Niech podniesie rękę ten, kto nie czytał chociaż jednej książki dla dzieci lub młodzieży przez niego ilustrowanej, kto nie spotkał nigdy obrazków z Gapiszonem, z Kwapiszonem albo z Guciem i Cezarem.
Tak, Butenko to gwiazda ilustracji dla dzieci. Za to mało kto wie, że był artystą zajmującym się także szeregiem innej działalności twórczej jak scenografie (np. do Kabaretu Starszych Panów), plakaty, animacje, projekty lalek, ilustracje do książek (populanonaukowych, poetyckich itd.), karykatury i rysunki satyryczne.
Tworzył nie tylko dla Polaków, ale i dla cudzoziemców. Jego kreska podobała się m. in. Niemcom, Węgrom, Japończykom. Dzięki temu zwiedził wiele krajów.
Był niezwykle aktywnym człowiekiem. Praca twórcza, warsztaty, targi książek, spotkania autorskie.
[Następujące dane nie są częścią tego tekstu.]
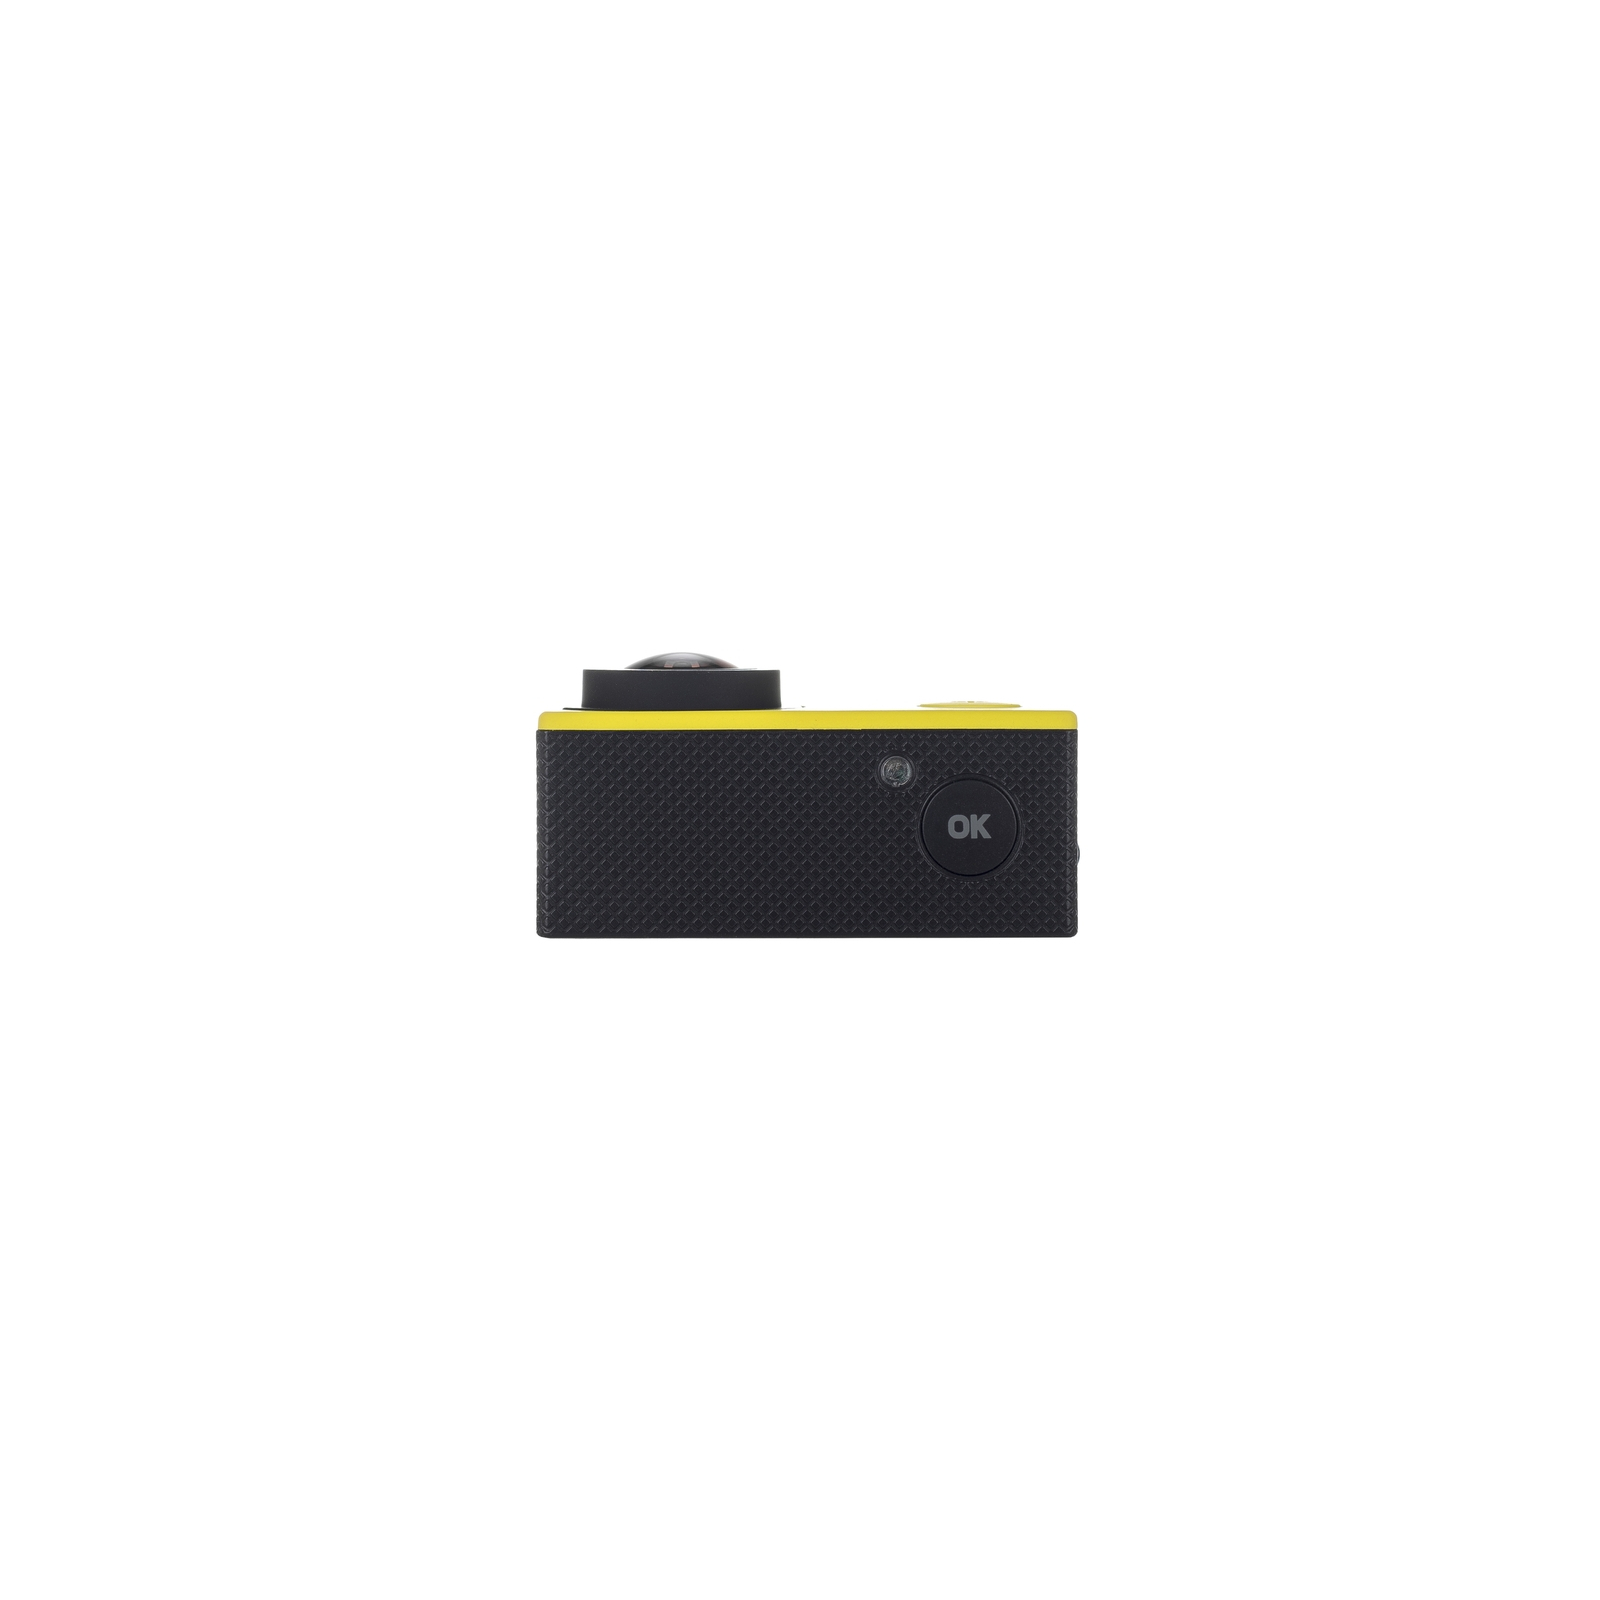 Екшн-камера Bravis A3 Yellow (BRAVISA3y) зображення 7

Doceniano go, nagradzano, jego imieniem nazwano przedszkole w Dąbrowie Górniczej.
Krótko mówiąc, jest to artysta kultowy, chociaż sam za takiego się nie uważał. Był również czarującym, błyskotliwym mężczyzną z poczuciem humoru. Aż dziw, że powstała na jego temat tylko jedna książka. Ale za to jaka. Polecam wszystkim jego fanom i nie tylko.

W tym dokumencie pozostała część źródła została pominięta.